A Chinese court on Monday sentenced a four-year prison sentence to a citizen-journalist who reported on the central city of Wuhan at the height of the coronavirus epidemic last year, on the grounds of “picking quarrels and cause trouble, ”his lawyer said.

Zhang Zhan, 37, the first known such person to be tried, was among a handful whose firsthand accounts of crowded hospitals and empty streets painted a darker picture of the epicenter of the pandemic as the official account.

“We will probably appeal,” attorney Ren Quanniu told Reuters, adding that the trial in a court in Pudong, a district of Shanghai’s Chinese business center, ended with Zhang being sentenced to four years.“Ms. Zhang believes that she is being persecuted for exercising her freedom of expression,” he said before the trial.

Criticism of China’s early handling of the crisis has been censored and whistleblowers, such as doctors, have been warned. State media attributed the success of containing the virus to the leadership of President Xi Jinping.

The virus has spread around the world to infect more than 80 million people and kill more than 1.76 million, crippling air travel as countries erect barriers that have disrupted industries and livelihoods.

In Shanghai, police enforced strict security outside the court where the trial opened seven months after Zhang’s detention, although some supporters were not deterred.

A man in a wheelchair, who told Reuters he was coming from central Henan Province to show his support for Zhang as a Christian, wrote his name on a poster before police arrived to escort him.

Foreign journalists were denied entry to court “due to the epidemic,” court security officials said.

A former lawyer, Zhang arrived in Wuhan on February 1st from her home in Shanghai.

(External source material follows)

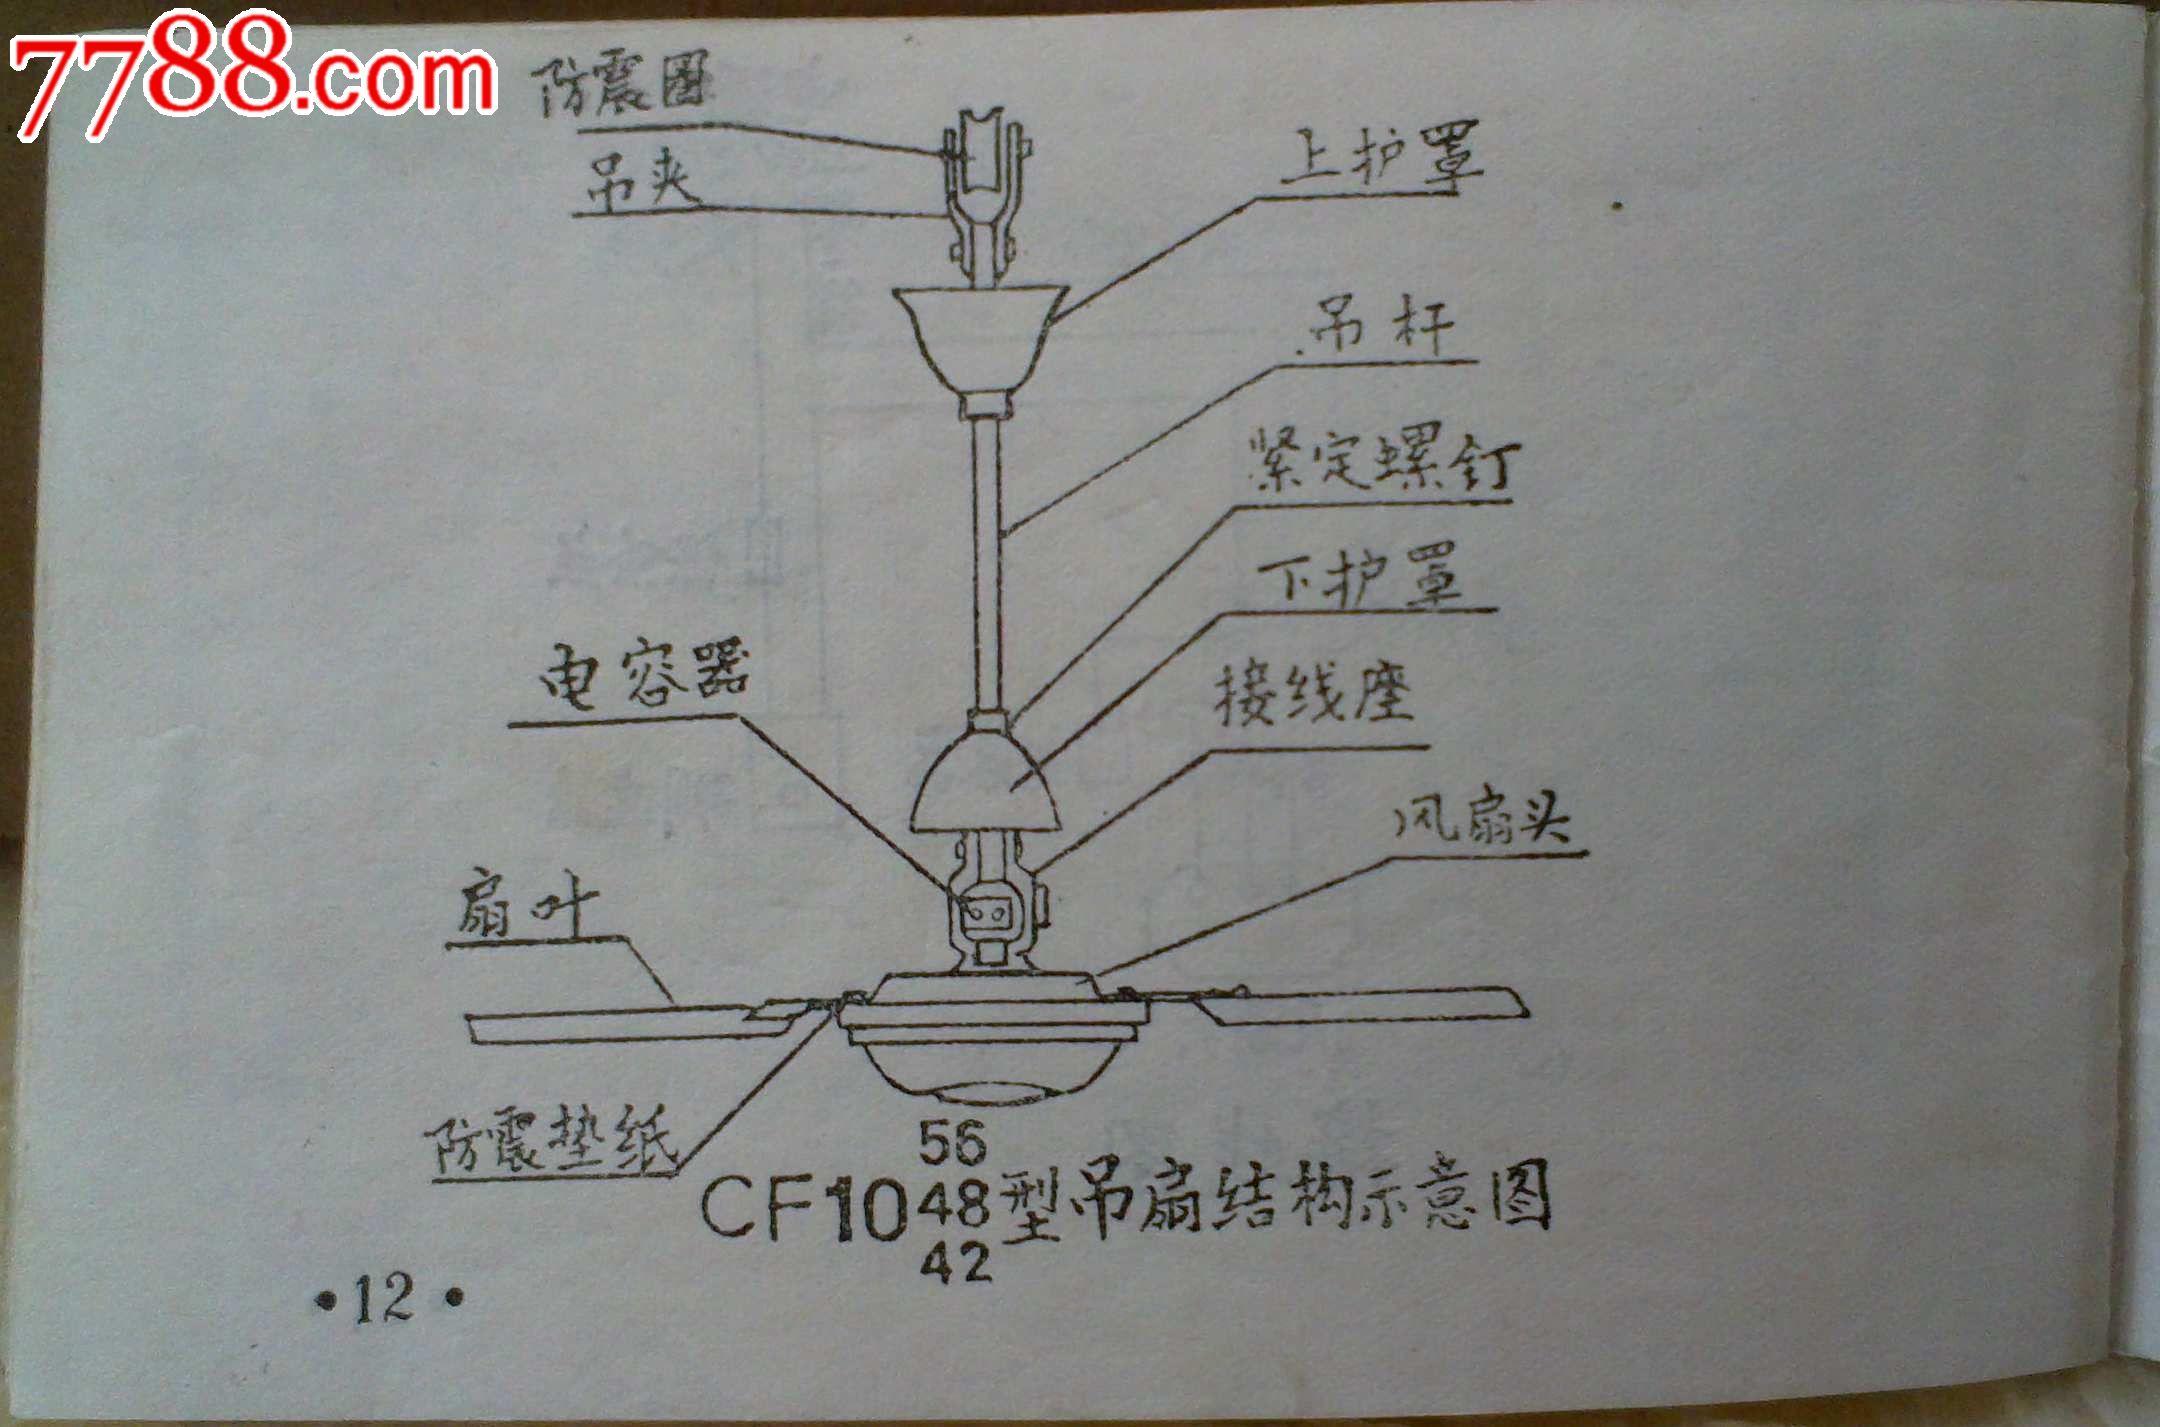 飞行牌交流电容式吊风扇使用说明书(hh:119.3)

His short video clips uploaded to YouTube consist of interviews with residents, commentary and footage from a crematorium, train stations, hospitals and the Wuhan Institute of Virology.

Detained in mid-May, she went on a hunger strike in late June, according to court documents viewed by Reuters. Her lawyers told the court that the police tied her hands and force-fed her with a tube. In December, she was suffering from headaches, dizziness, upset stomach, low blood pressure and throat infection.

Requests for the court to release Zhang on bail before the trial and to broadcast the trial live were ignored, his lawyer said.

Other citizen journalists who disappeared without explanation included Fang Bin, Chen Qiushi, and Li Zehua.

Although there has been no news from Fang, Li reappeared in a YouTube video in April to say that he had been forcibly quarantined, while Chen, although released, is under surveillance and not. hasn’t spoken publicly, a friend said.